How Societies Remember. Cambridge: Cambridge University Press, 1989; Idem. The Spirit of Mourning: History, Memory and the Body. Cambridge: Cambridge University Press, 2011.
2
Рут Лис в книге «Генеалогия травмы» (Leys R. Trauma: A Genealogy. Chicago: Chicago University Press, 2000) различает миметические и антимиметические теории травмы, доказывая, что миметические теории травмы не выдерживают критического анализа. В настоящей книге я утверждаю, что скорбь нельзя сводить к травме, хотя некоторые элементы теории травмы и помогают понять горе. Моя концепция «миметического горя» одновременно схожа с «травматическим реализмом» Майкла Ротберга и отлична от него; я подчеркиваю горе, а нс травму, и перформативность, а не реализм (см.: Rothberg M. Traumatic Realism: The Demands of Holocaust Representation. Minneapolis: University of Minnesota Press, 2000).

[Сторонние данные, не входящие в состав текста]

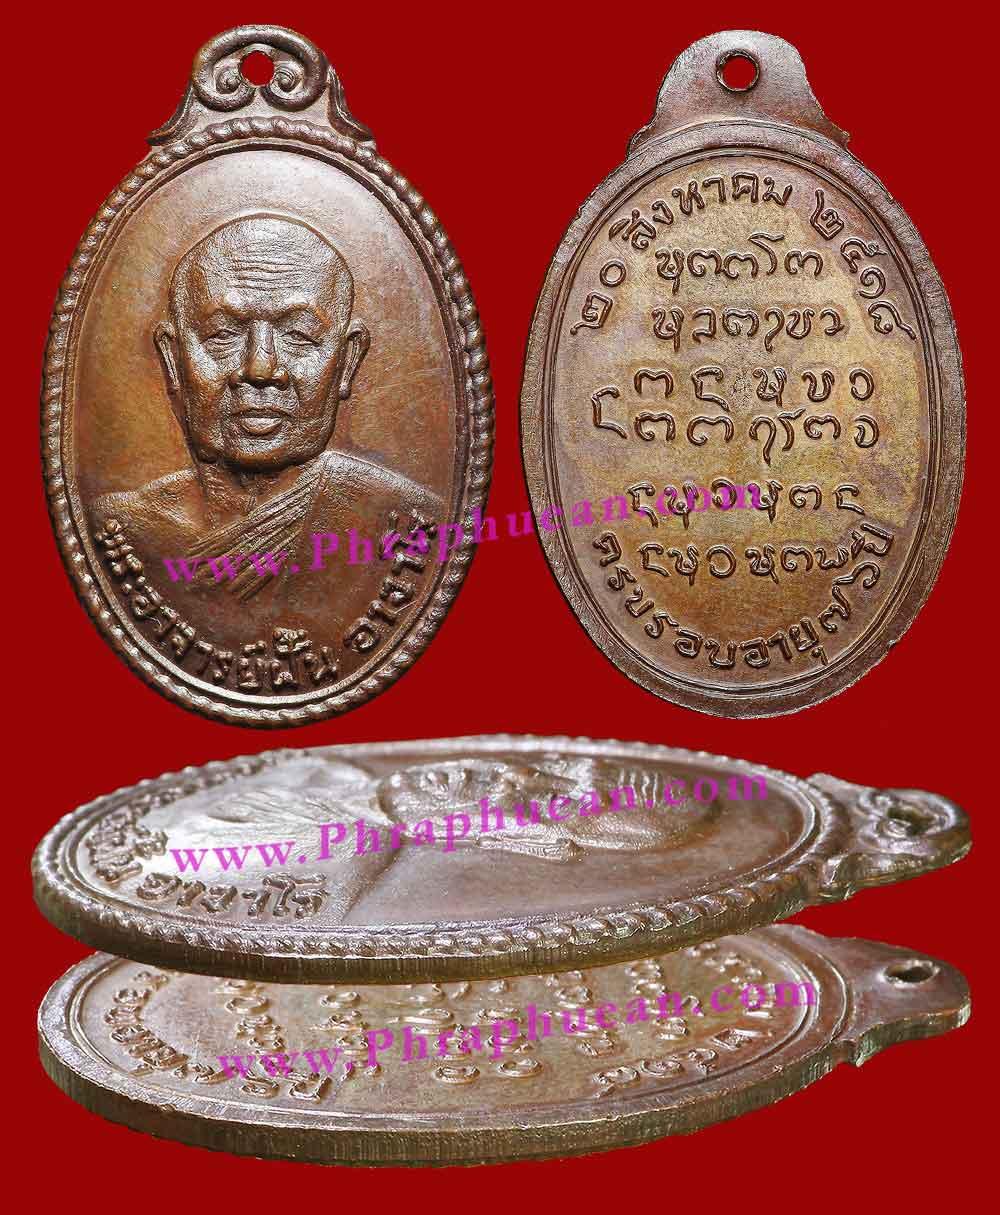 อาจารย์ ฝั้น อาจาโร รุ่น82 เนื้อทองแดง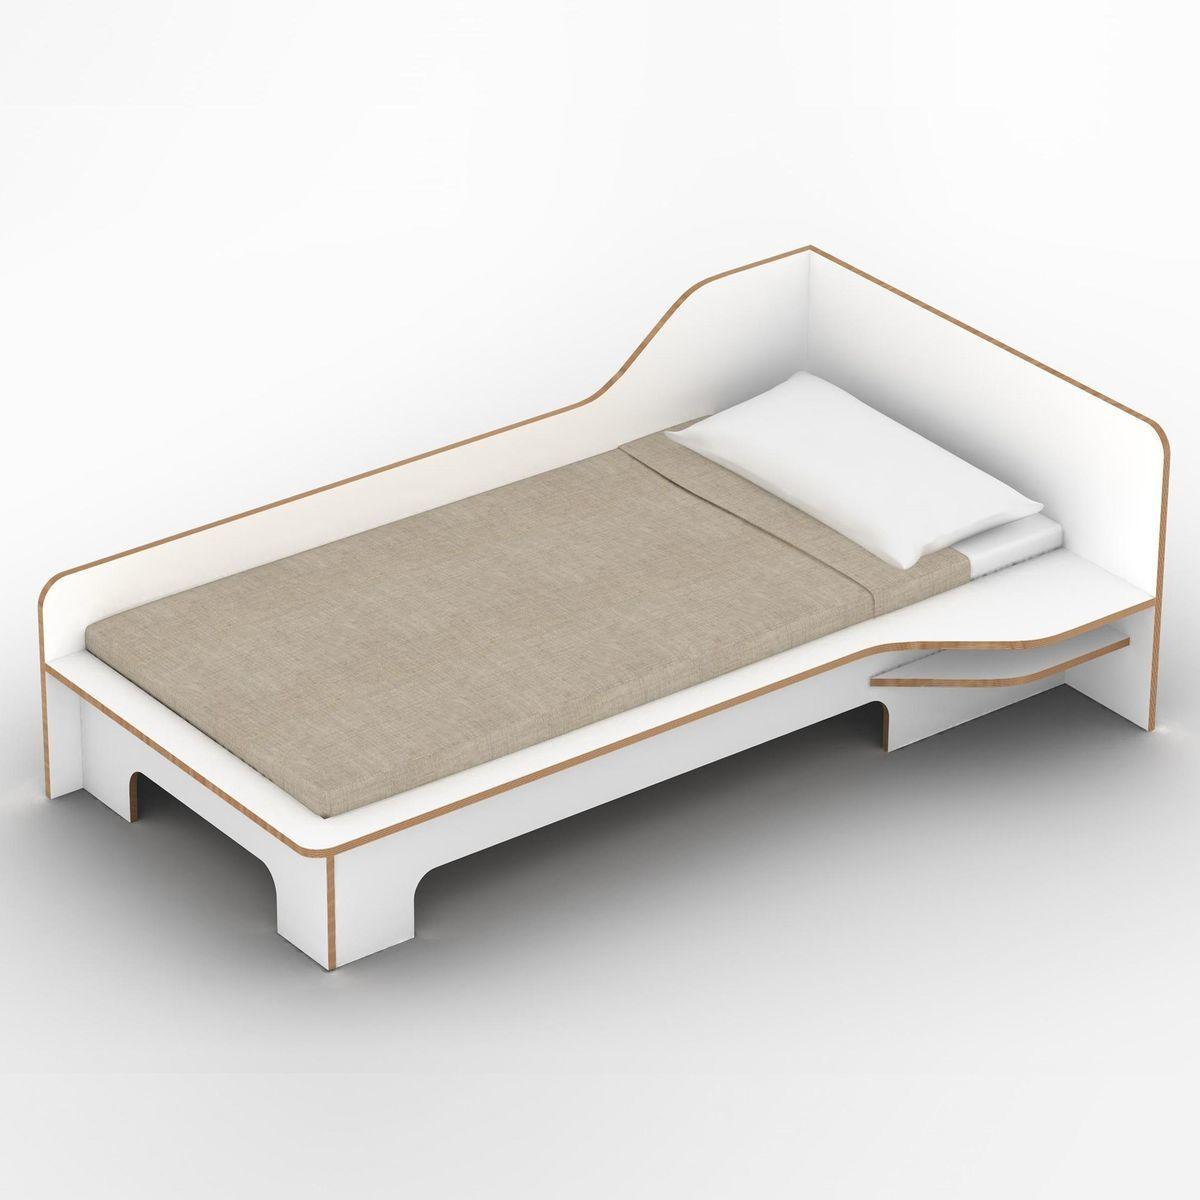 bett ohne lattenrost rucken das beste aus wohndesign und. Black Bedroom Furniture Sets. Home Design Ideas

Нарративы террора состоят из двух ветвей — восходящей, которая состоит из истории и утрат, и нисходящей, которая складывается из памяти и горя. Первая говорит о массовых убийствах и одинокой смерти, вторая — о разделенном опыте и коллективном трауре. И странным образом поэзия, юмор и даже удовольствие важны для этих «балов жертв» и других траурных игрищ. Потомки тех, кто погиб в период террора, находили удовлетворение в том, чтобы танцевать на «балах жертв», сочинять истории о жертвах и балах, рассказывать их своим ровесникам и потомкам. В отличие от позднейших идей — таких, как фрейдовское «навязчивое повторение» и связанные с ним концепции травмы и посттравматического, — рассказы о «балах жертв» подразумевают, что их участники действовали в полном сознании, отлично понимая и характер своих личных потерь, и природу совместного горя. Разделение опыта с другими является источником наслаждения, и потому мы, пересказывая подобные истории, тоже испытываем некоторое остаточное удовольствие.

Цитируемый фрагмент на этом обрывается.